The original raw version of this dataset can be obtained from GEO. Running this notebook will automatically download the data from figshare.
Preliminaries#
Import packages & data#
import scanpy as sc
import matplotlib.pyplot as plt
import seaborn as sns
from cell_annotator import CellAnnotator, ObsBeautifier
from cell_annotator.utils import _shuffle_cluster_key_categories_within_sample
Load the gene expression portion of the NeurIPS 2021 challenge 10x multiome data. This dataset has been obtained from GEO. We computed an embedding using scANVI to visualize the data [XLM+21].
adata = sc.read("data/human_bmmcs.h5ad", backup_url="https://figshare.com/ndownloader/files/51994907")
adata
AnnData object with n_obs × n_vars = 69249 × 13431
obs: 'pct_counts_mt', 'n_counts', 'n_genes', 'size_factors', 'phase', 'cell_type', 'batch', 'pseudotime_order', 'Samplename', 'Site', 'DonorNumber', 'Modality', 'VendorLot', 'DonorID', 'DonorAge', 'DonorBMI', 'DonorBloodType', 'DonorRace', 'Ethnicity', 'DonorGender', 'QCMeds', 'DonorSmoker', '_scvi_batch', '_scvi_labels'
var: 'feature_types', 'gene_id'
uns: 'DonorNumber_colors', 'Samplename_colors', 'Site_colors', '_scvi_manager_uuid', '_scvi_uuid', 'batch_colors', 'cell_type_colors', 'dataset_id', 'genome', 'neighbors', 'organism', 'phase_colors', 'umap'
obsm: 'X_pca', 'X_scANVI', 'X_umap', '_scvi_extra_categorical_covs'
layers: 'counts'
obsp: 'connectivities', 'distances'
Preprocess the data#
Create numerical cell type labels to be used for annotation and a shuffled version thereof.
adata.obs["leiden"] = adata.obs["cell_type"].copy()
adata.obs["leiden"] = adata.obs["leiden"].cat.rename_categories(
{cat: str(i) for i, cat in enumerate(adata.obs["cell_type"].cat.categories)}
)
adata = _shuffle_cluster_key_categories_within_sample(adata, sample_key="Site", key_added="leiden_shuffled")
Visualize
sc.pl.embedding(adata, basis="umap", color=["Site", "DonorNumber", "cell_type", "leiden_shuffled"], wspace=0.7, ncols=5)
We’re using the Site annotation to denote different samples, and we randomly shuffled the order of cluster labels within each sample to resemble a realistic scenario, in which we’re given a dataset with several samples, with independent clustering per sample (i.e., pre-integration).
Query cell type labels per sample#
In this notebook, we will demonstrate the slightly more advanced usage of this package, which involves a few method calls, but gives you more control and insights.

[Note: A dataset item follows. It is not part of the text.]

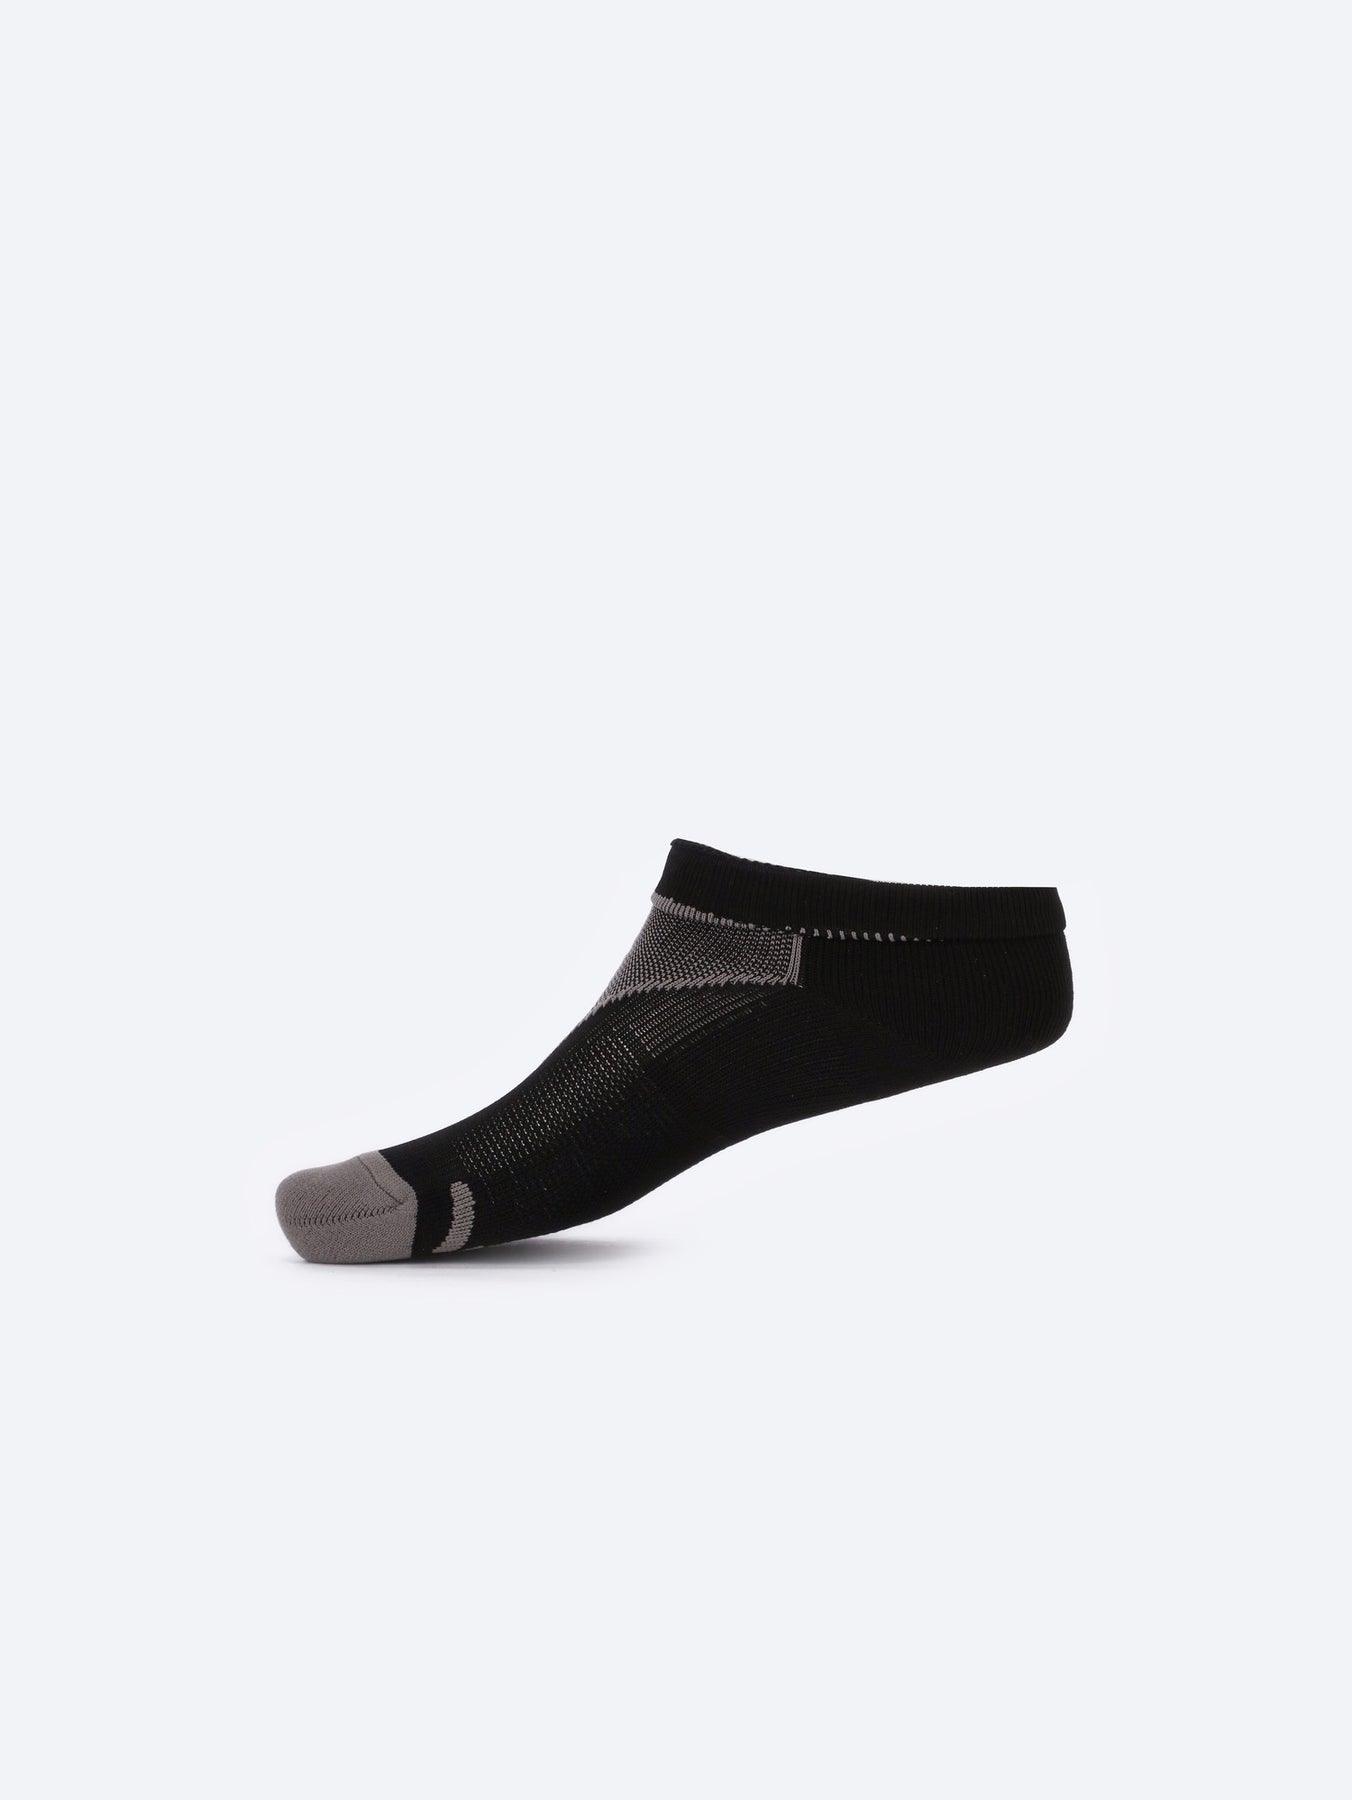 Photo by 𝗔𝗧𝗨𝗠 SPORTSWEAR ® on December 26, 2022. May be of gray/black low-cut kid's socks with atum logo

If you’re new and looking for the simplest way to get started, head over to our basic tutorial: Annotating the heart atlas.
cell_ann = CellAnnotator(
adata,
species="human",
tissue="bone marrow mononuclear cells",
cluster_key="leiden_shuffled",
sample_key="Site",
model="gpt-4.1",
)
cell_ann
INFO ✅ OPENAI API key is available
INFO Initializing `4` SampleAnnotator objects(s).
🧬 CellAnnotator
================
📋 Species: human
🔬 Tissue: bone marrow mononuclear cells
⏳ Stage: adult
🔗 Cluster key: leiden_shuffled
🔬 Sample key: Site
🤖 Provider: openai
🧠 Model: gpt-4.1
🔋 Status: ❌ Not working
📊 Samples: 4
🏷️ Sample IDs: 'site1', 'site2', 'site3', 'site4'
Query expected cell types and actual markers#
Let’s start by querying expected cell types and their markers in this tissue. We can use this step as a validation, to see how much the model “knows” about our data.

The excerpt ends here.